Everyone today is talking about a band from Holland called Focus. They were on the Old Grey Whistle Test last night. Most in the Smokers Union shelter say how amazing that yodeling guy was. Some though, those I see wearing the ex-RAF great coats with an LP by the band stuck under their armpit, have a smug ‘told you’ smile and ignore our conversation.

Focus on The Old Grey Whistle Test.

It was very wet at PE time. Old Boot (gym teacher) decided it was too wet to play football. What?! This is Glasgow. Rangers, Celtic, Thistle, Clyde and Queens Park all manage to play ok.

Anyway – PE was switched indoors to the gym. Everyone has football boots – only a few also brought gym shoes. Those of us who hadn’t were lined up to get two of the belt! Old Boot got more exercise than any of us.

The tawse / belt / Lochgelly

Buses were late to pick us up at 4 o’clock. Had to stand out in the rain till they arrived. Trip home was a bit smelly.

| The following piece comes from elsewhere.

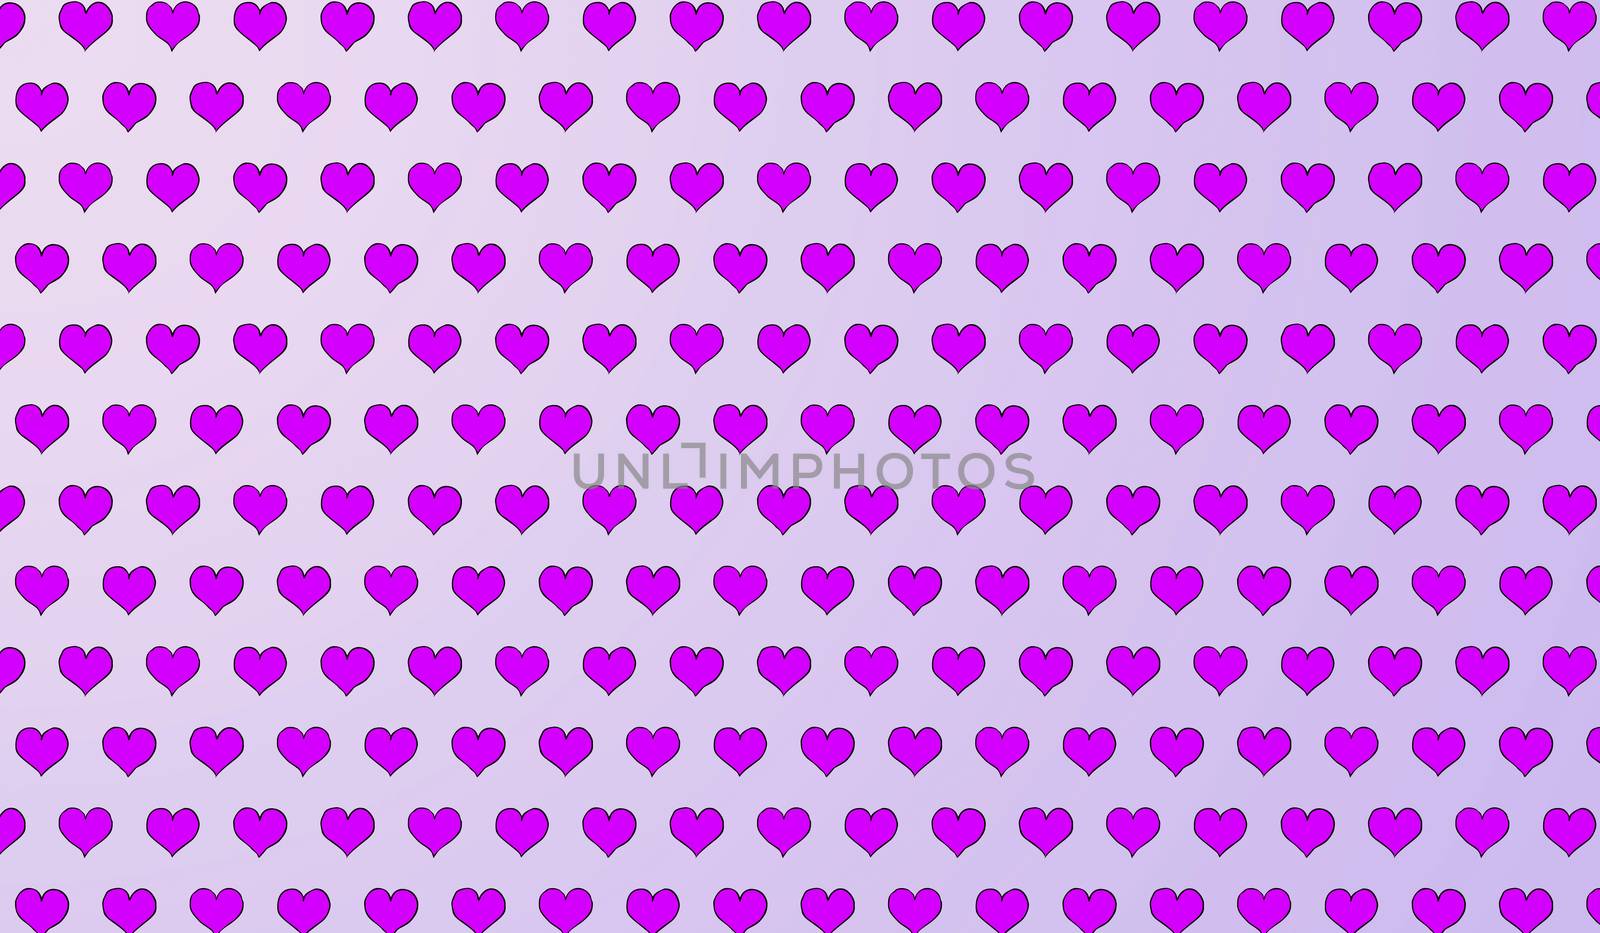 2d violet pattern of cartoon hearts on isolated background by Andreajk3

Woods clearing ‘football pitch.’

Rain stops but did some studying for exams till teatime then out to the clearing in the woods for a game of football. Get chased by Mr McIlwham who says we shouldn’t be using trees as goalposts because they can feel the ball hitting against them. (Cuckoo!)  

Lucky we weren’t using a Mitre Mouldmaster, then is all I can say.

Mitre Mouldmaster

Well, that’s it – game’s a bogey! We tell Mr McIlwham that we’re off now to break some windows and scrawl graffiti.

See us kids, eh?!

Broken window
Graffiti

(Post by Colin ‘Jackie’ Jackson of Glasgow – March 2022)

______________________

diary of a pimply kid: memories of the late 60s & 70s – ‘Big’ School.

(*a little bit fact; a bit more fiction; much exaggerated.*)

Diary

Monday 10th August 1970 (aged 12 – only just.)

Didn’t finish my Ready Brek this morning – first day at big school, so tummy churning a bit. Been told all sorts of stories of what the 2nd Years would do to welcome us.

Excited about getting a bus to school. (You can read Paul’s wonderful account of this, here.)
Met pals at The Cooperative Shop in the village. Lots of the older boys from the village gang were there. I know several of them so it was ok even though they were a bit boisterous.

Bus – Alexander Midland

Tried to get on the top deck of the bus but seems there is some kind of hyer highera order about where you are meant to sit. Got bundled down to the lower deck. The conductress seemed a bit stressed.
“Sit down! No standing upstairs! Keep away from the open platform! Have you tickets and bus passes ready! I SAID NO STANDING UPSTAIRS!”

Stood around the main entrance with my pals until we were put into our classes. A few from my primary school are also in 1A. Boys and girls from four other schools are in my class. They look OK.

Bearsden Academy

In class, we have to copy down our timetable. When did I sign up for Latin?! Mum! Dad! What?!

It could be worse, I suppose – double English to start the week on a Monday morning. And double PE on Wednesday afternoon to finish – that’s good.

I am in Endrick House – I have to go to the annex for registration each morning before class.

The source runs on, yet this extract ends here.